Otherwise the options are the same for importing one page or performing a bulk import.

The amount of URLs you can import varies mainly based on the memory each page consumes. For example, a heavy SPA page usually does not release memory and the browser tends to crash (between 60 and 100 pages). In such situations, if you only need information which is in the markup, you can disable Javascript execution in the options and you will be able to import many more pages.

You can still batch the set of URLs to import if the number is still manually manageable. If you have a lot of URLs to import (10k+), contact the AEM team. There are several ways to automate the process without using a browser, which you can discuss with them.

Report

During the process, you can download an Excel report with the list of pages imported and some process information (import success, 404, 301, etc.). At the end of the process, this report file contains everything the importer has done and can be used for further analysis such as to find pages with errors. Or it can be used for page processing such as previewing and publishing.

Bulk import

Crawl

If you are importing pages from a website and you do not have the full list of URLs to import, you can use the Crawl tool to build the list based on the sitemap or by crawling the site.
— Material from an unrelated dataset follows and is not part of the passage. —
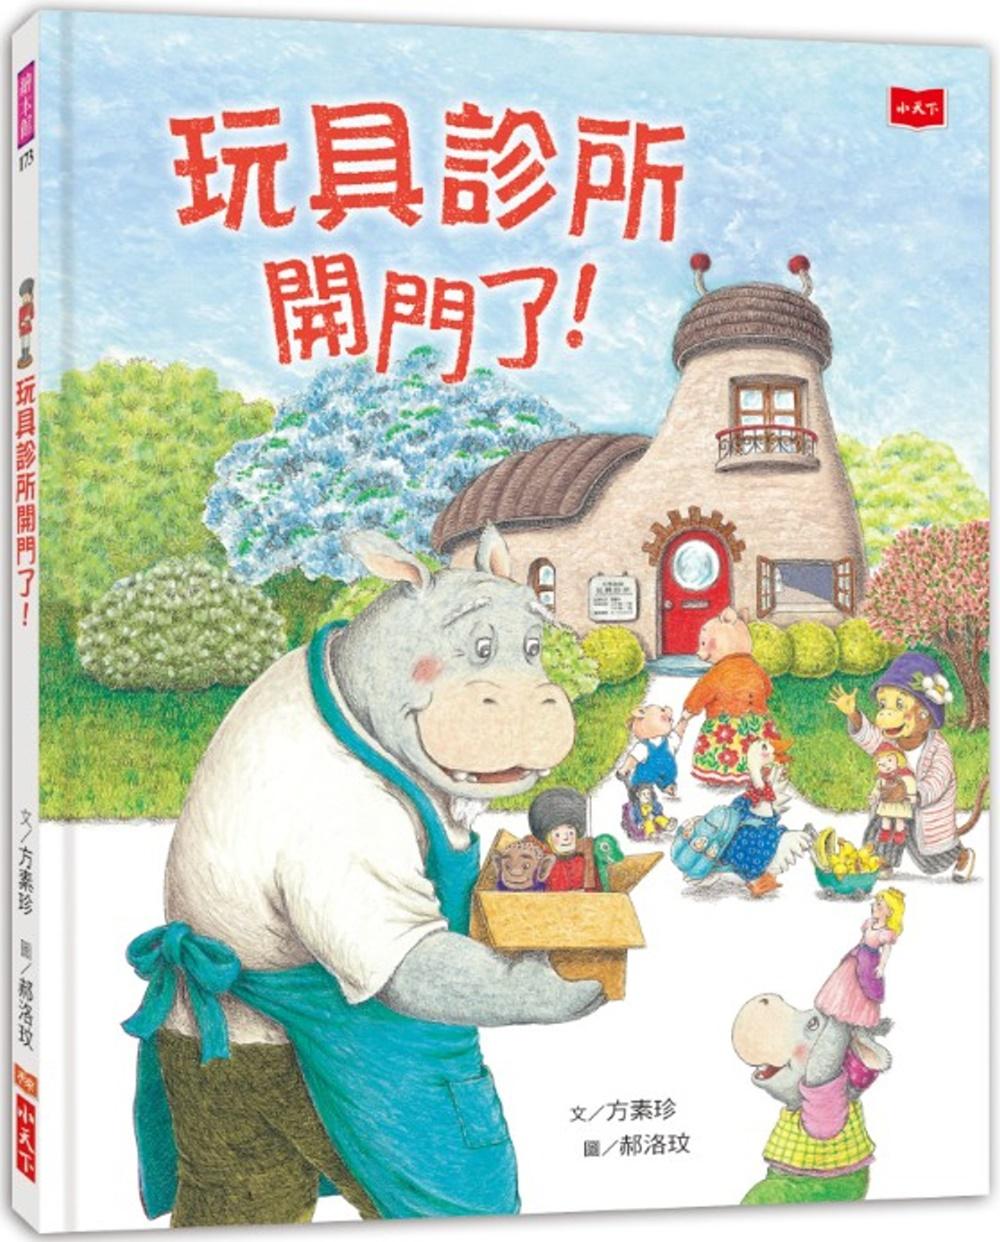 《玩具診所開門了!》 商品條碼,ISBN:9789864793440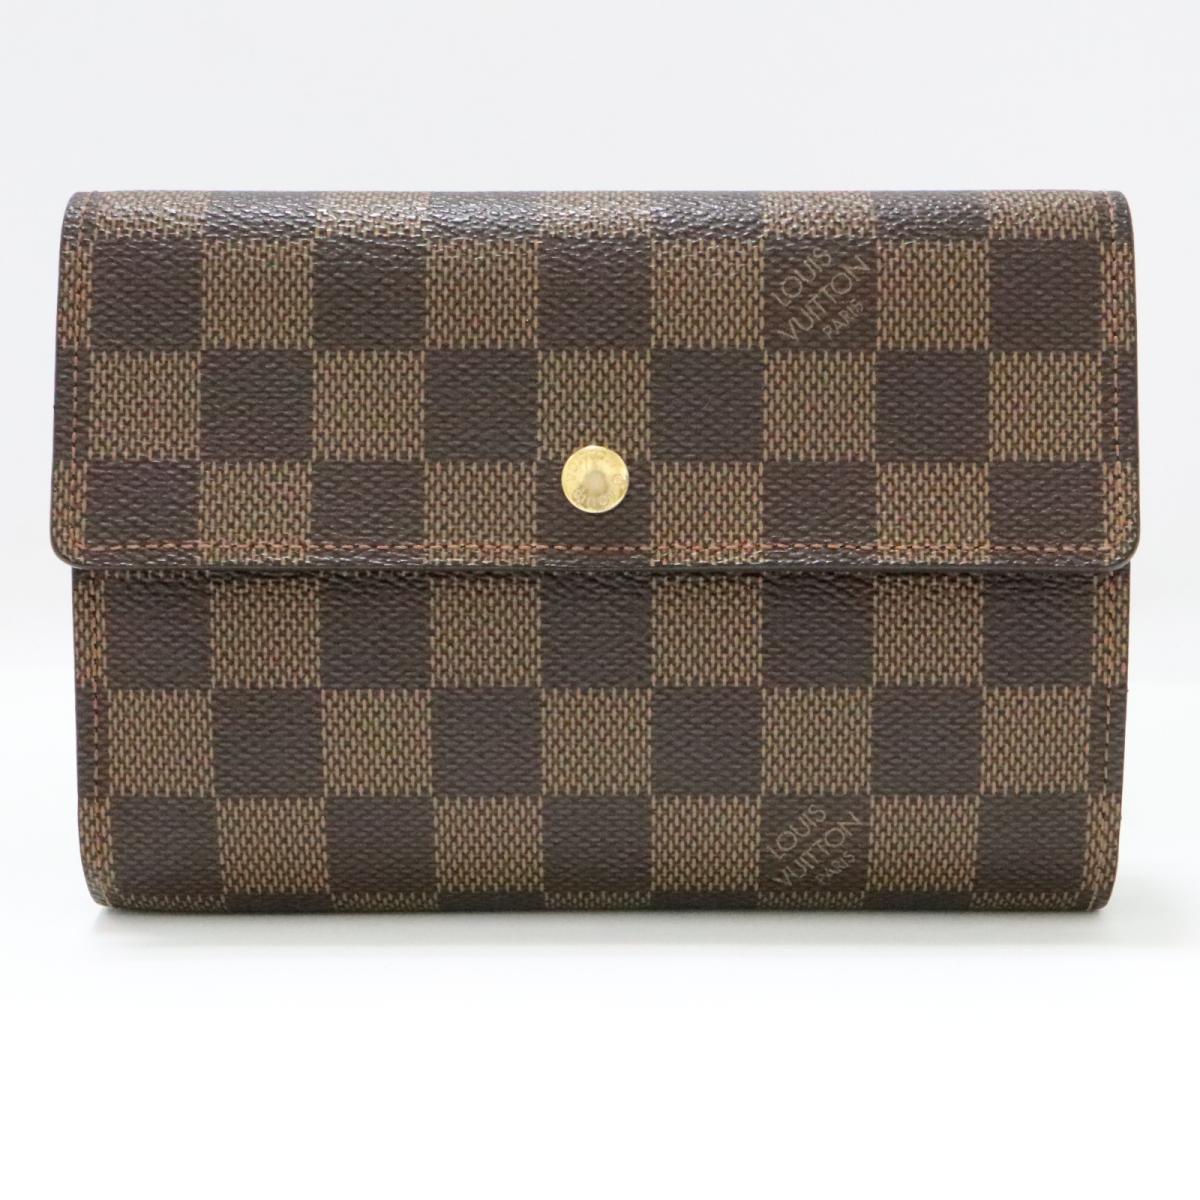 ポルトトレゾール エチュイパピエ 三つ折財布 財布

Get from robots.txt or sitemap

After providing a hostname and clicking Get from robots.txt or sitemap, the tool will first try to find sitemaps in the /robots.txt file. If no robots.txt is found, it will try the /sitemap.xml file (the default filename to search can be changed in the options).

If it finds a sitemap, it will collect all the URLs referenced in the siteamp and recursively follow the referenced other sitemap files. When the crawl is complete, you can use the download report button for the list of all unique URLs found.

Sitemaps extracted URLs

You can use the Filter pathname option to only output the URLs under a certain path. The tool will still need to fetch all the URLs from all the sitemaps.

Crawl

After providing a URL and clicking Crawl, the tool will open the provided URL, try to identify the links on the page, and recursively visit all those links that are on the same host. It is basically navigating the site and collecting all the URLs it finds. For a large website, it can take a lot of time. If the website consumes a lot of resources / memory, it may even crash the browser. In such cases, hiding the preview and/or disabling the Javascript in the options can help.

Crawling in-progress

You can use the Filter pathname option to only crawl URLs under a certain path. The provided URLs must then match this filter. This can be really useful to only crawl a subset of a large site.

Eyedropper

The Eyedropper tool allows you to capture the logo and some of the key CSS information of a website. You just need to provide a URL and click Eyedrop.

Captured logo

Captured colors

Captured fonts and sizes

Clicking the Copy CSS to clipboard button copies all gathered information in a CSS format that is ready to be pasted into your AEM CSS for further testing and customization.

The Eydropper does its best to extract the correct information, but you should review the output and adapt it to your project needs.